Lipoprotein(a) (Lp(a)) is a plasma complex that consists of a single apolipoprotein(a) (Apo(a)) molecule covalently linked through a disulfide bond to a single apolipoprotein B-100 molecule together with cholesterol-rich lipid (Marcovina et al. in Handbook of lipoprotein testing Rifai et al. Eds.: AACC Press, Washington, D.C., 2000; p. 819). While the biological functions of Lp(a) in normal physiology remain uncertain, high levels of Lp(a) have been associated with increased cardiovascular risk and cardiovascular events such as myocardial infarction and stroke, particularly when LDL-C is also elevated (Berglund et al., Arterioscler Thromb Vasc Biol 24, 2219 (2004); Hobbs et al., Curr Opin Lipidol 10, 225 (1999); Danesh et al., Circulation 102, 1082 (2000); Ridker et al., JAMA 297, 611 (2007); Danik et al., JAMA 296, 1363 (2006)).
The apolipoprotein(a) locus is among the most polymorphic in the human genome. Apo(a) genetic variation has been associated with the wide range of Lp(a) levels and largely accounts for the heritability of Lp(a) (Broeckel et al., Nat Genet 30, 210 (2002); Boerwinkle et al., J Clin Invest 90, 52 (1992); Mooser et al., Am J Hum Genet 61, 402 (1997); Schmidt et al., Eur J Hum Genet 14 190 (2006)). Recently, several single nucleotide polymorphisms (SNPs) in the Apo(a) gene were identified and have been associated with cardiovascular disorders such as myocardial infarction and stroke and/or drug response such as response to statins (See U.S. Patent Application Publication US2005/0272054A1).
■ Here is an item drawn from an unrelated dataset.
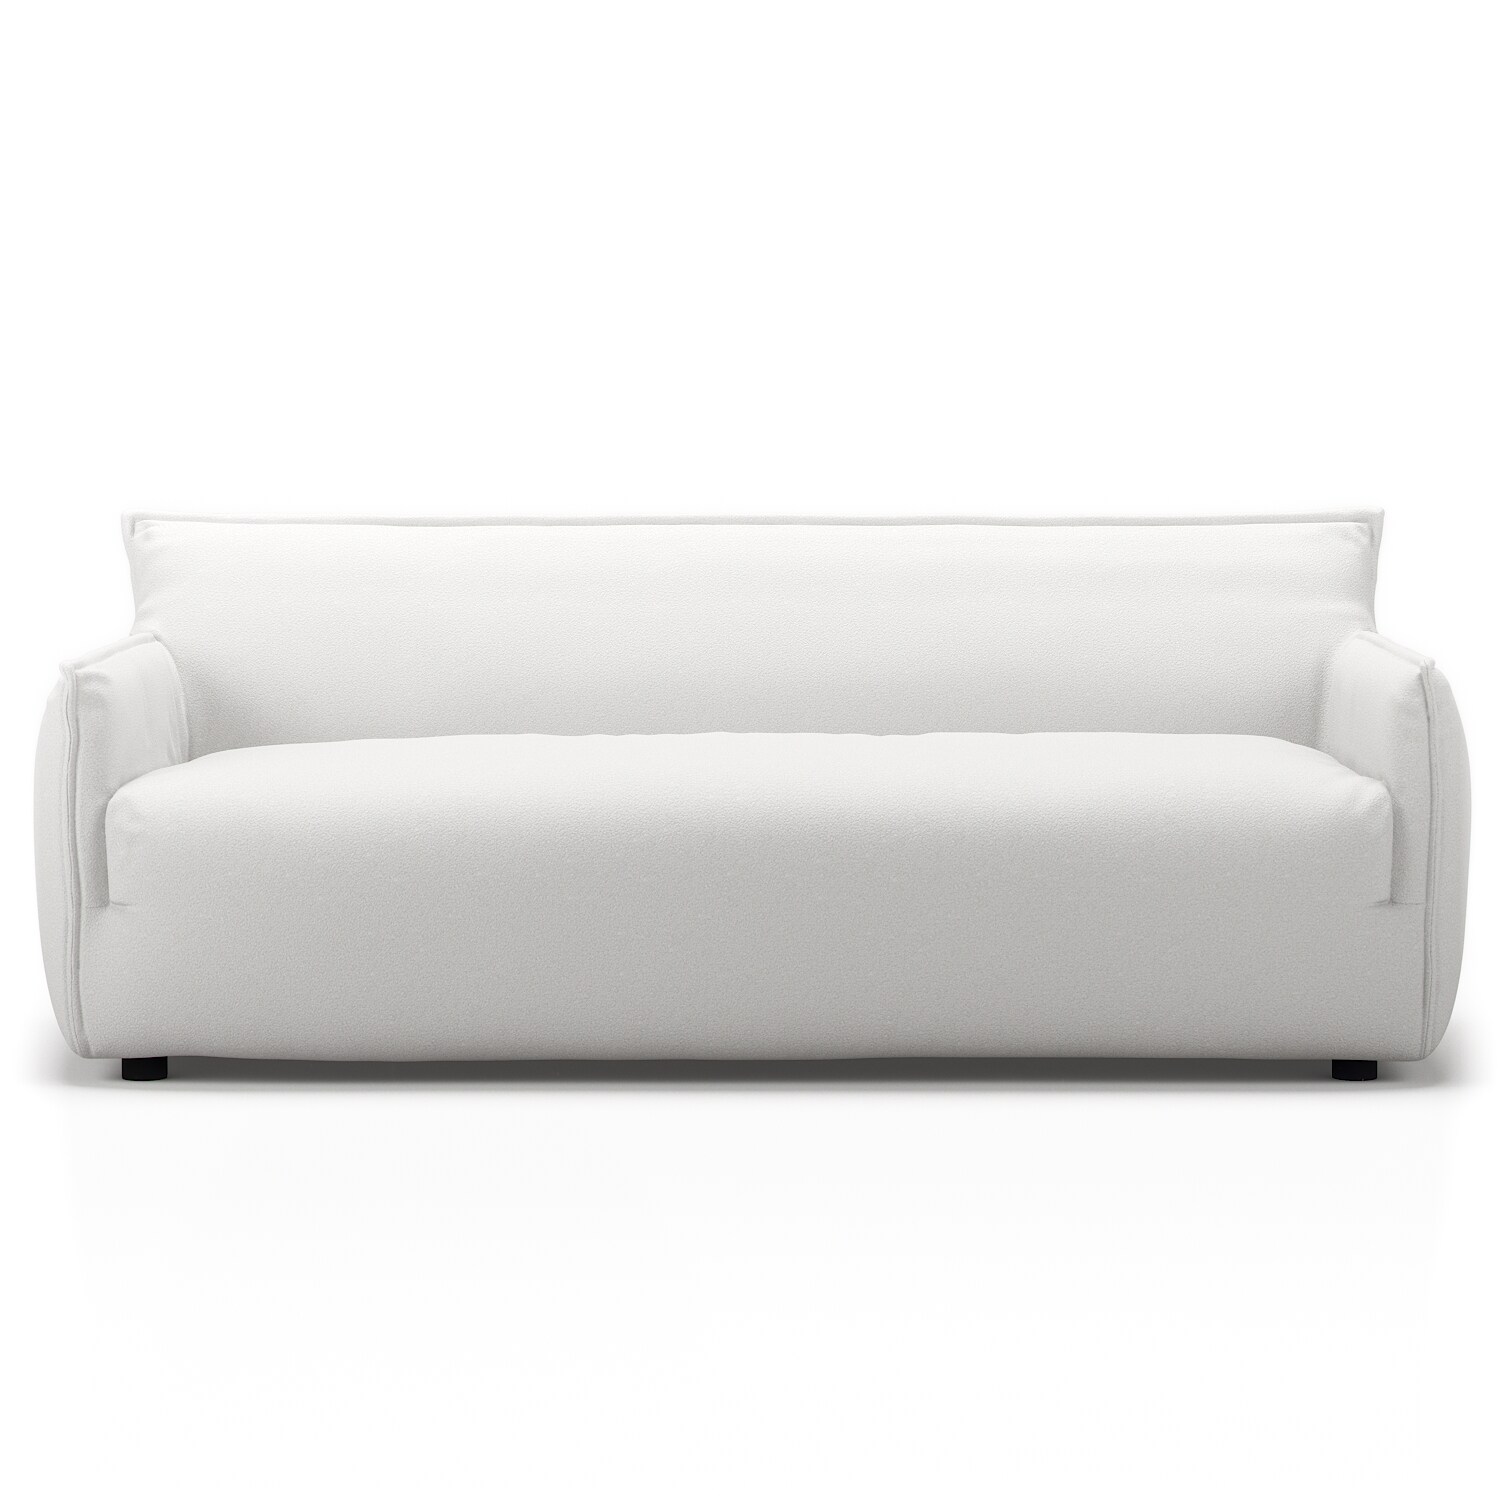 Le Petite 3-Sitzer-Sofa, Lush White @ Decotique

Subjects at increased risk of future cardiovascular events are often prescribed acetylsalicylic acid (aspirin) to reduce the risk of a cardiovascular event. However, acetylsalicylic acid is not effective in all subjects and the use of acetylsalicylic acid (aspirin) as primary prevention against cardiovascular events has been controversial, particularly in women, for whom there have been few data (Ridker et al., N Engl J Med 352, 1293; 2005).
Thus, there is a continuing need to improve pharmaceutical agent selection design and therapy. In that regard, SNPs can be used to identify patients most suited to treatment with particular pharmaceutical agents such as acetylsalicylic acid and/or other anti-platelet and/or antithrombotic agents (this is often termed “pharmacogenetics”). Similarly, SNPs can be used to exclude patients from certain treatments due to the patient's increased likelihood of developing toxic side effects or their likelihood of not responding to the treatment. By doing so, such SNPs could be useful in defining the benefit to risk ratio of a given intervention for individual subjects. Pharmacogenetics can also be used in pharmaceutical research to assist the drug development and selection process. (Linder et al., Clinical Chemistry, 43, 254 (1997); Marshall, Nature Biotechnology, 15, 1249 (1997); International Patent Application WO 97/40462, Spectra Biomedical; and Schafer et al., Nature Biotechnology, 16, 3(1998)).